Dans un monastère en Roumanie, des religieuses prononcent leurs vœux et épousent le Christ. L’amour chaste est-il possible en religion ? Certainement pas pour Anca Hirte qui filme la jeune Teodora en plaquant une lecture charnelle de son quotidien.
Sous les cordes des cloches, dans les prairies et les cours neigeuses, les potagers, ou lorsqu’elles partent en balades, les religieuses s’en vont par petits groupes ou deux par deux. Teodora vit dans une communauté orthodoxe, au monastère de Văratec, en Roumanie. Elle prononcera bientôt ses vœux, c’est-à-dire qu’elle épousera le Christ, pour toujours, cela va sans dire. Le corps emmitouflé dans de longs tissus sobres, avec quelques voiles pour seul trousseau, Teodora deviendra une « petite mère » du monastère. Sujet et lieu passionnants, cinématographiques au possible dans cette Roumanie romantique, enneigée ou verdoyante, isolée du monde et qui semble régie par ses propres règles.
On comprendra vite que le but de la réalisatrice Anca Hirte n’est pas de faire découvrir le fonctionnement et la cartographie du monastère, et l’on ne saurait s’y repérer davantage à la fin du film qu’au début. Dès les premiers plans, on sent qu’elle vient avec une idée et un but précis, enregistrer ce parcours vers le mariage à un être sans corps. C’est que son mari à elle, décédé brutalement, est également un corps absent. D’où une fascination pour ces femmes qui souhaitent ou ont souhaité créer un tel cadre conjugal. Anca Hirte arrive donc au monastère avec une lecture concrète qu’elle est bien décidée à faire partager. Plans précis, coupes décidées, enchaînements habiles des séquences bucoliques, sensuelles, oppressives. Sur le corps de Teodora aux longs cheveux, sur le visage plus lisible que les formules ânonnées, se calque un portrait invisible de la réalisatrice : volontaire et symboliste.

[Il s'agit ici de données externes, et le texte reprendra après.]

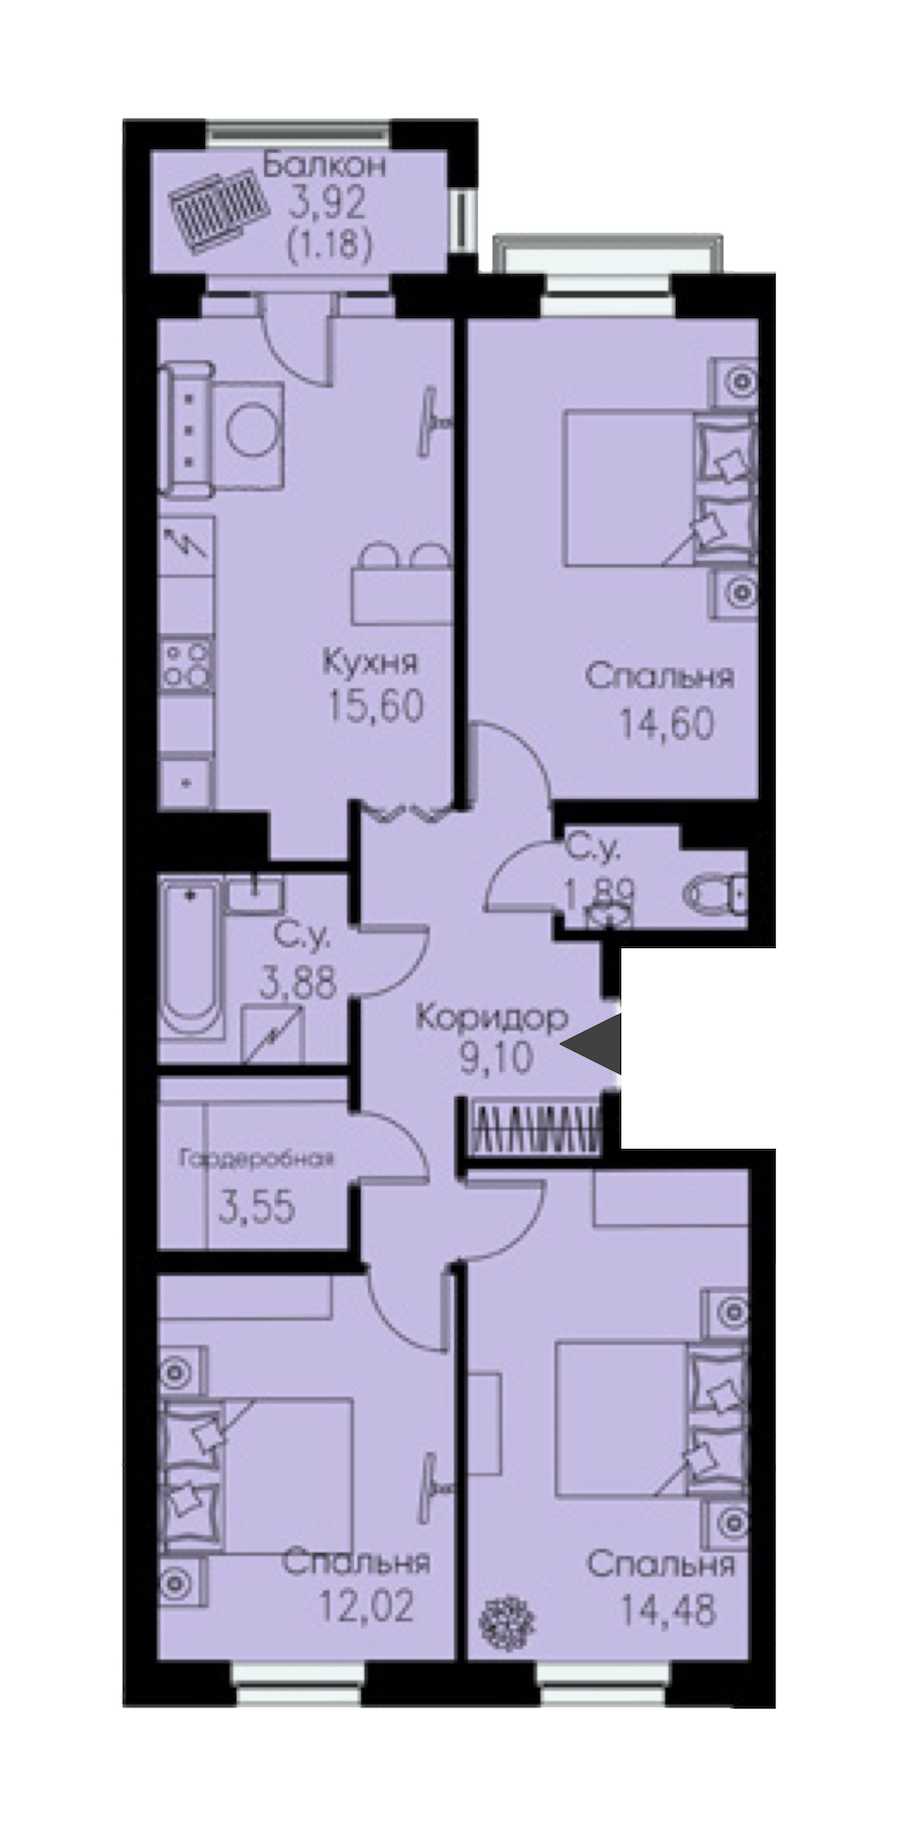 Трехкомнатная квартира в : площадь 76.3 м2 , этаж: 4 – купить в Санкт-Петербурге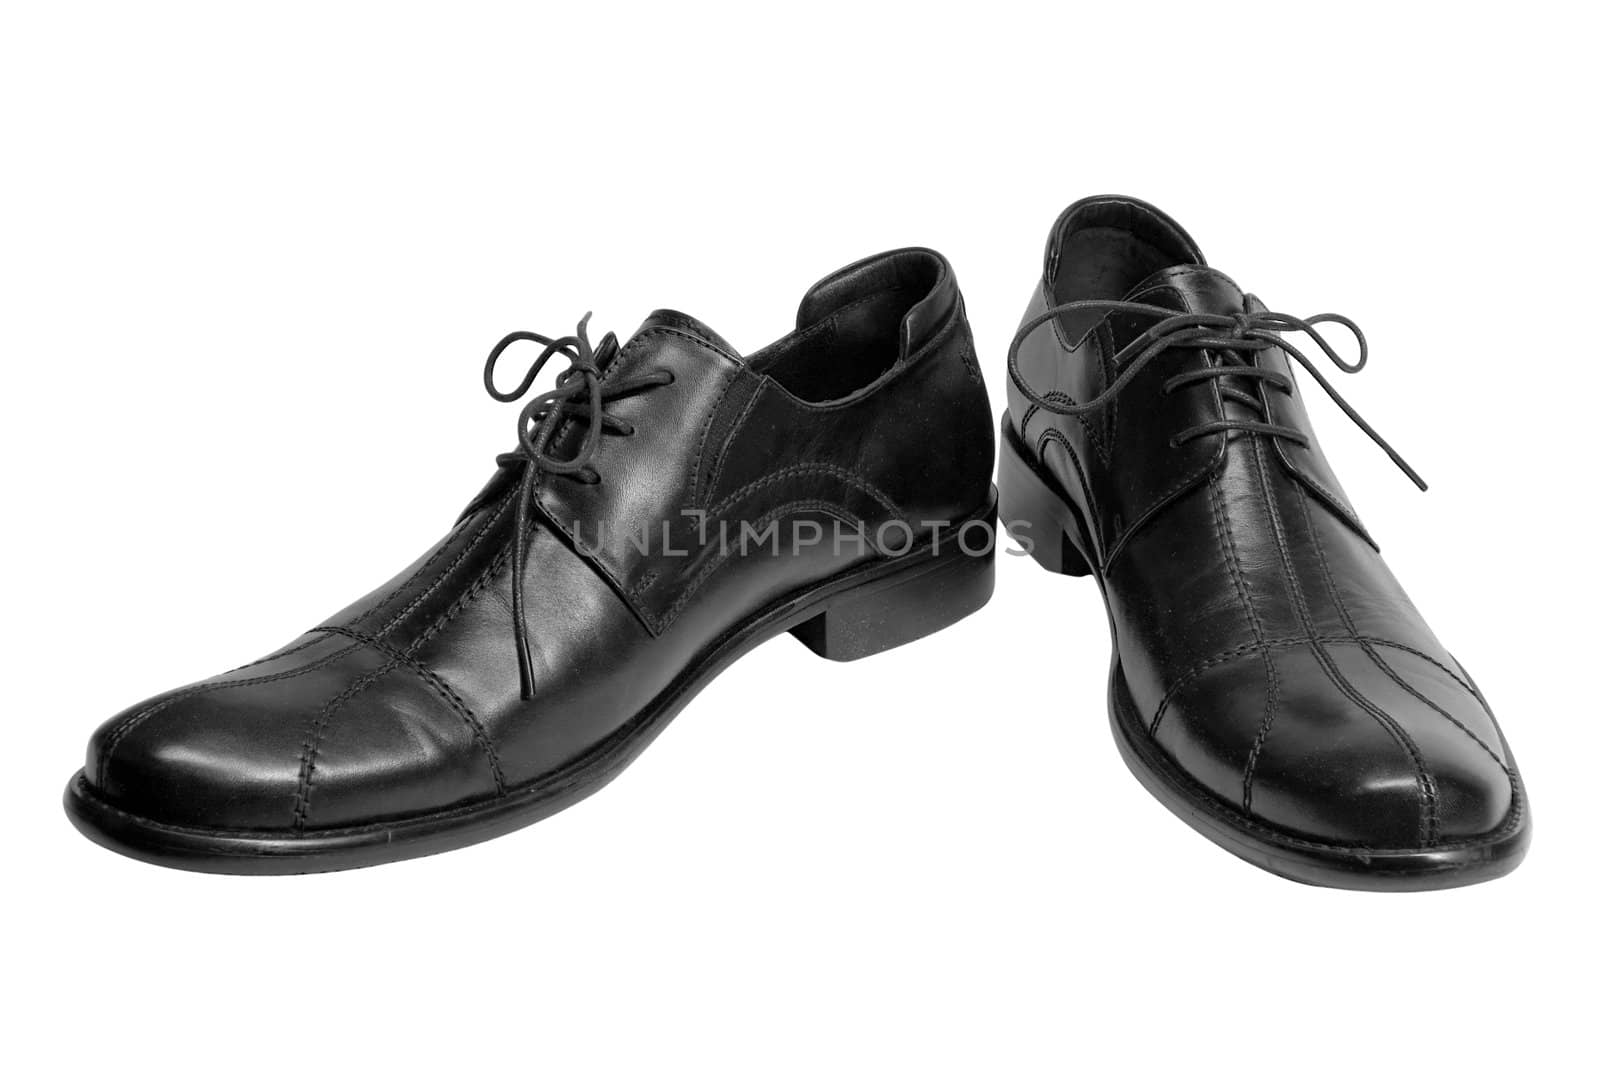 Stylish black shoes isolated on a white background

Ce qui frappe immédiatement, c’est la lecture charnelle du quotidien de ces femmes, et du rapport à Jésus. Les choix de mise en scène y poussent plus que clairement. Lorsqu’il s’agit des textes récités ou chantés, des rituels, par les objets ou les gestes qui les entourent, admettons la qualification de lecture objective, si l’on met de côté le choix et l’enchaînement de ces séquences. Mais Anca Hirte ajoute des cadrages en gros plan et un montage plutôt rapide qui augmente la sensualité. Les cheveux frémissent sur la nuque ou sous le peigne, la caméra colle à la bouche fervente, aux expressions, attrape des bouts de peau entre deux mouvements de voiles. Tout au long du film, à mesure qu’approche la cérémonie, le corps et les paroles sont ainsi constamment orientés. Comme la durée réelle des jours est évacuée, qu’on les imagine plutôt lents, que chaque action de Teodora ou des autres religieuses n’est jamais montrée en entier, la volonté de la réalisatrice de coller un message sur le milieu qu’elle filme devient rapidement gênante. Et l’impression qu’elle refuse de se laisser imprégner de ce monde clos prend le pas sur l’idée que cette sensualité en fait partie. C’est notamment la bonne vieille problématique de la durée des plans qui revient : comme le résumait Depardon à l’époque d’Afriques : comment ça va avec la douleur ? (1996), seuls les (très) longs plans peuvent transmettre la vérité. La dialectique qui entoure Teodora pécheresse l’étouffe, empêche le spectateur d’être actif, sinon en résistant au message. D’autant que le film ne va pas au bout de son idée. On ne verra pas de crise, pas de concrétisation des doutes palpables de Teodora, encore moins d’éclatement. La seule violence qui conclut le film est celle de la belle scène de la cérémonie, encore qu’également rattachable à l’anticléricalisme de la réalisatrice. Les gestes y sont extrêmement codifiés, Teodora est soumise au rituel sous les gestes de ceux qui l’entourent, jusqu’à la coupe de ses cheveux, l’adieu au corps. Quitte à baigner dans le symbolisme, on aurait aimé avoir le contrepoint des petites mères, de celles qui ont vécu ce mariage, et de celles qui l’ont rompu. Parce que, à ce stade, les gestes inconscients ne tiennent plus seuls, et qu’une frontalité aurait pu rétablir un peu d’autonomie aux images. Dommage.